■ Problem details
Exactly as they appear, retype the lines from the one containing "The Assembly Line" through the final line of the data below. Leave pictures out.
** Opening The data block **
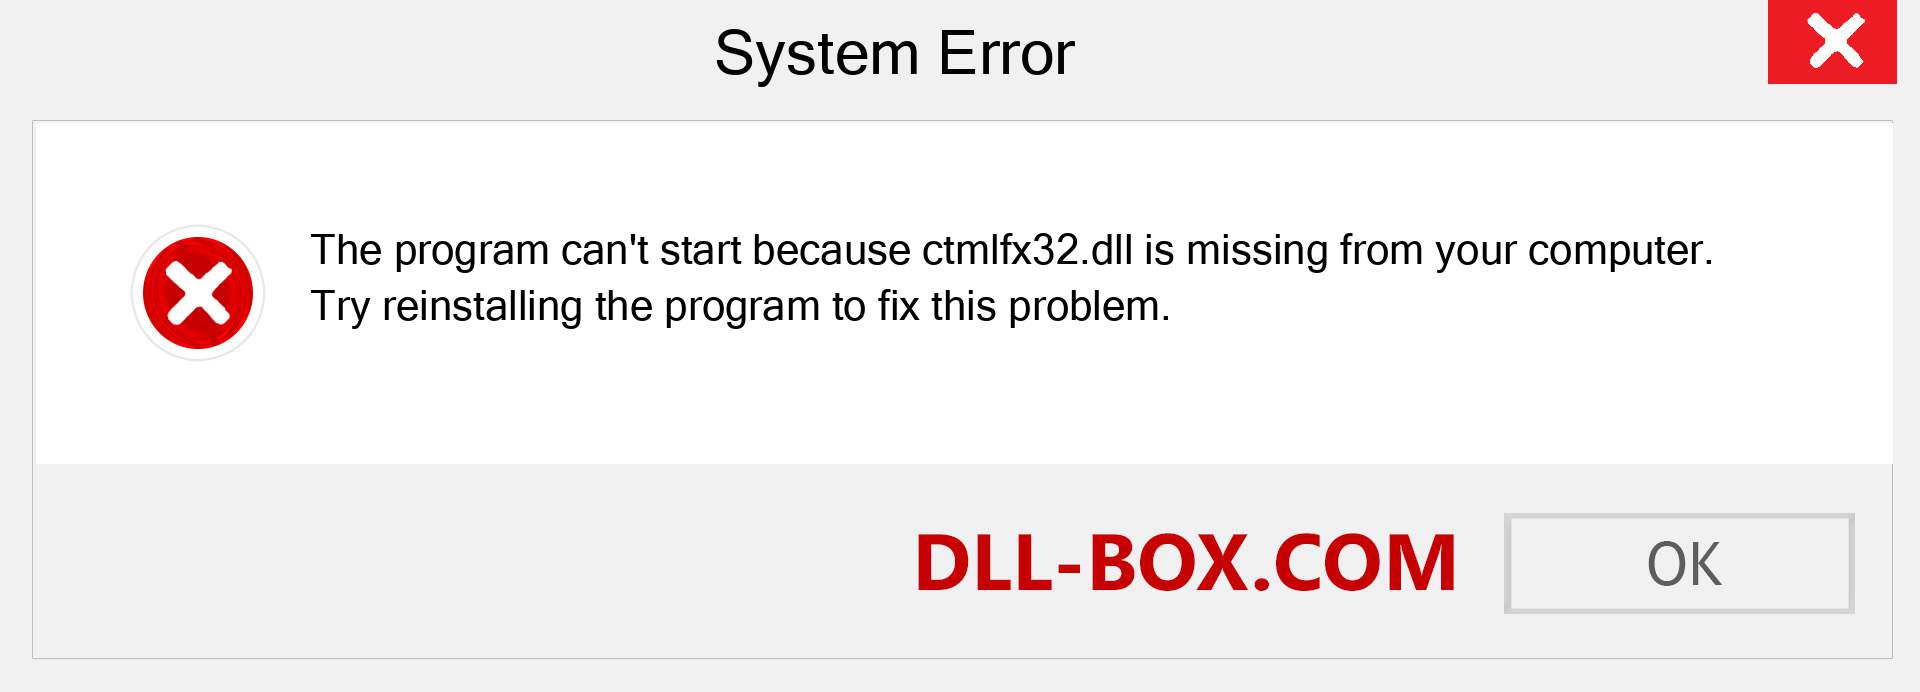  ctmlfx32.dll file is missing?. Download for Windows 7, 8, 10 - Fix  ctmlfx32 dll Missing Error on Windows, photos, images
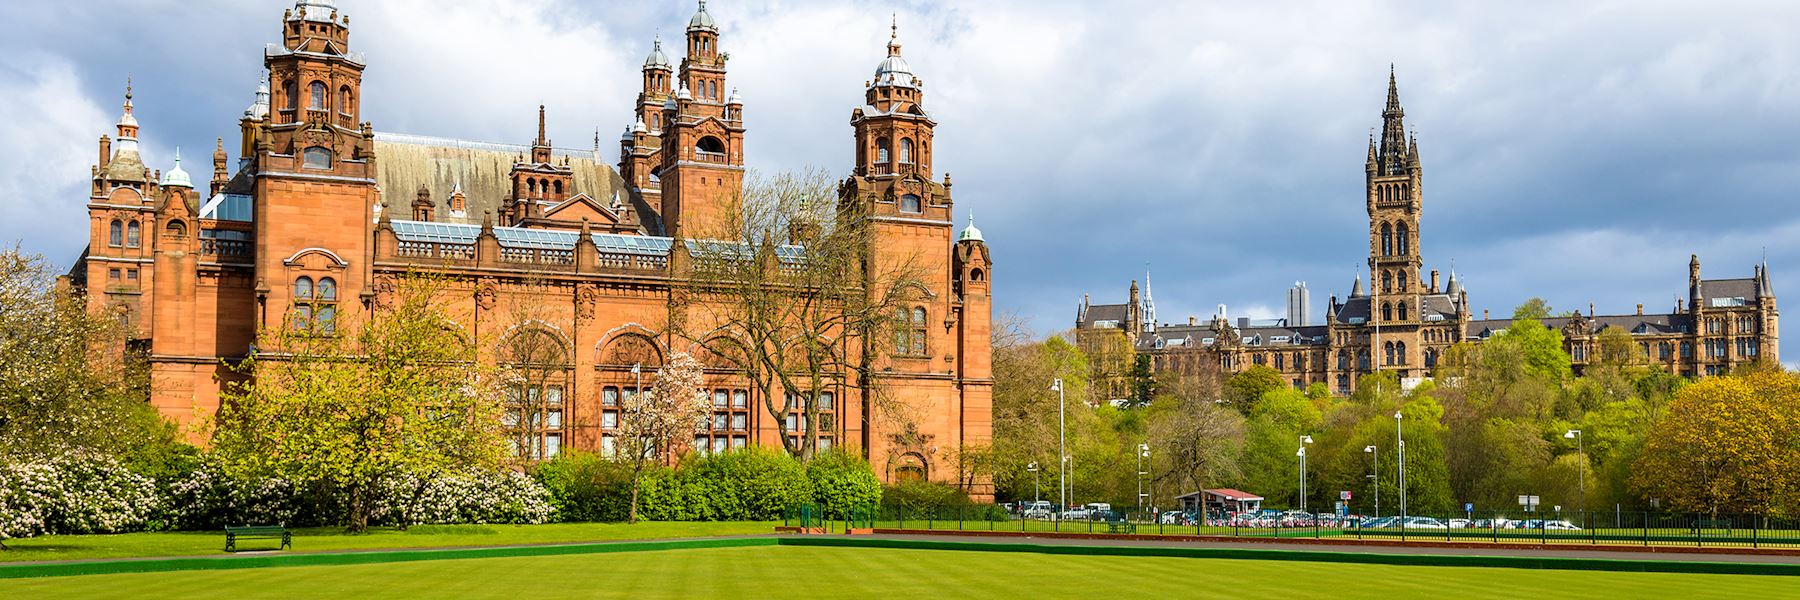 Tailor-made vacations to Glasgow | Audley Travel
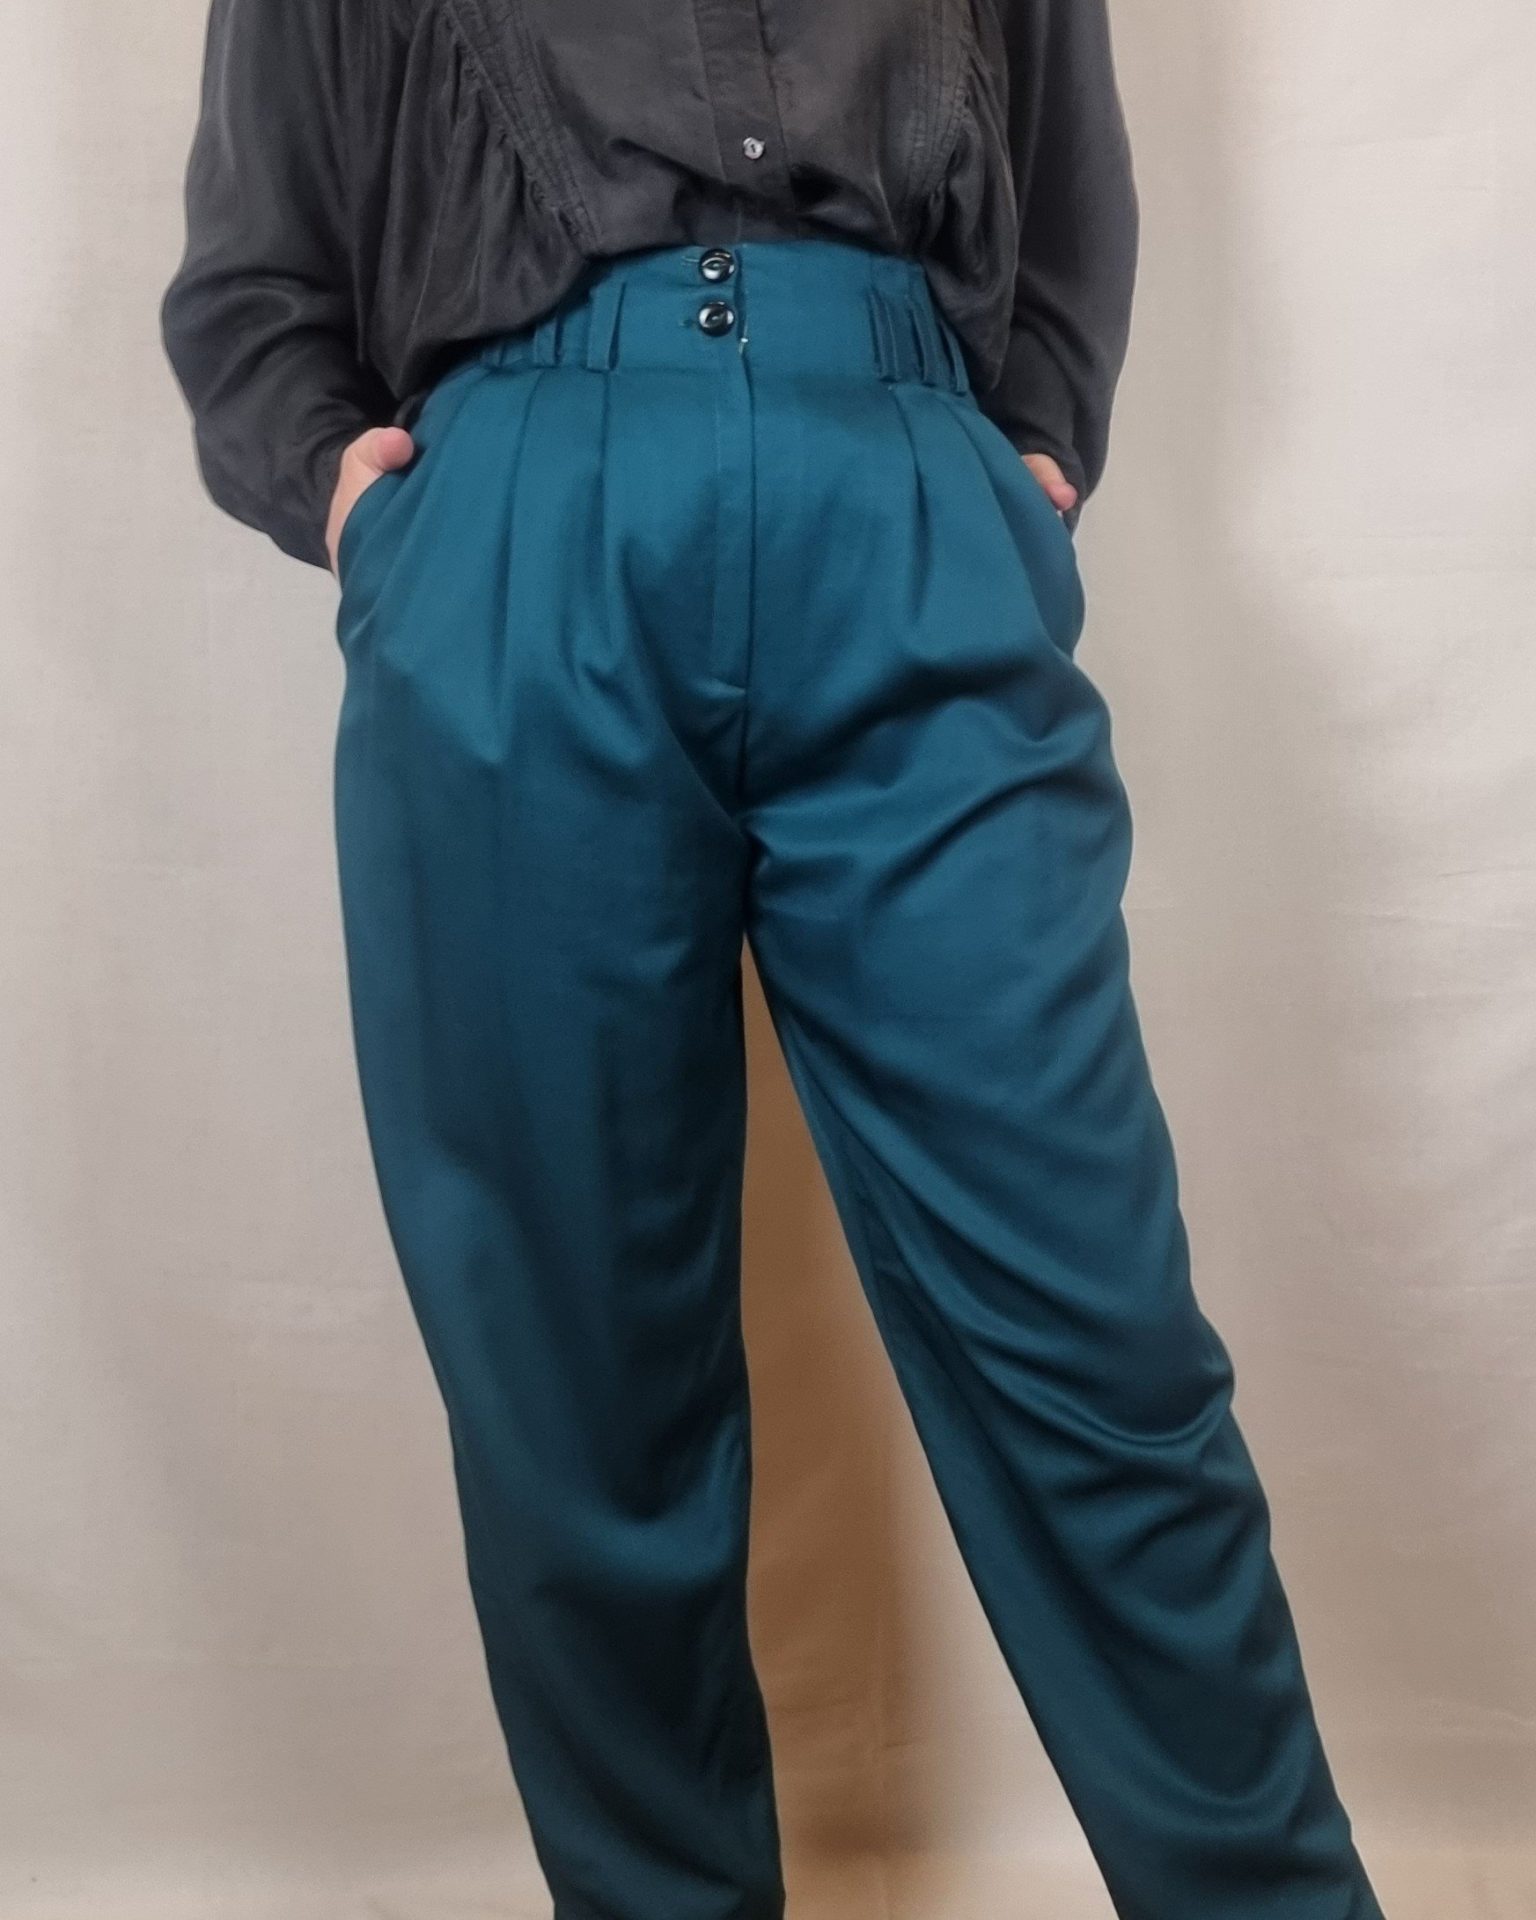 The Assembly Line | Sewing Patterns | High Waisted Trousers – A KIND CLOTH
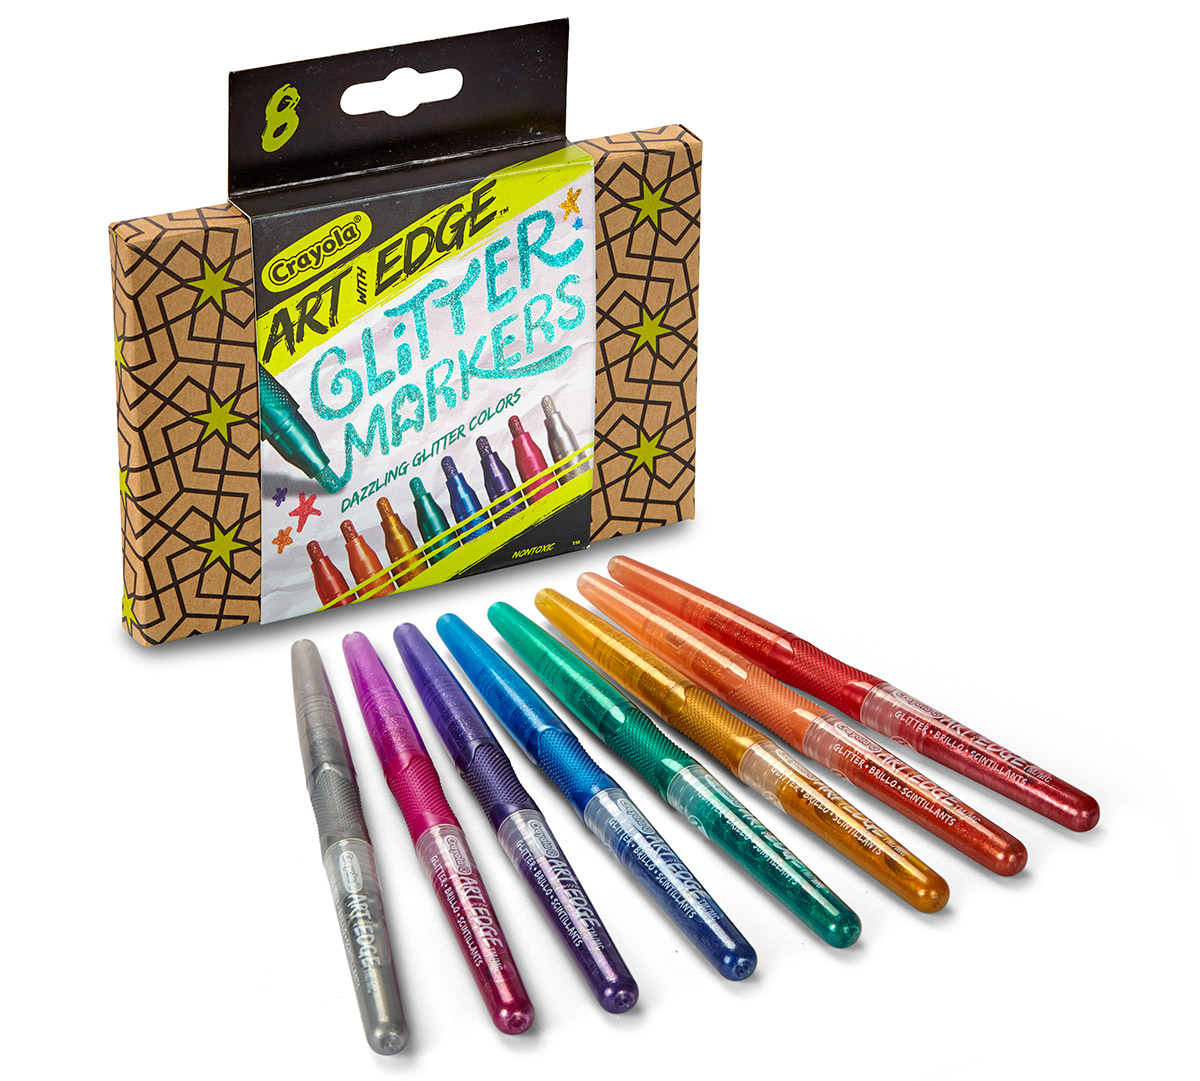 Crayola Art With Edge Glitter Markers 8 count Art Tools
** Closing The data block **
■ Response below
 The Assembly Line | Sewing Patterns | High Waisted Trousers – A KIND CLOTH
 Crayola Art With Edge Glitter Markers 8 count Art Tools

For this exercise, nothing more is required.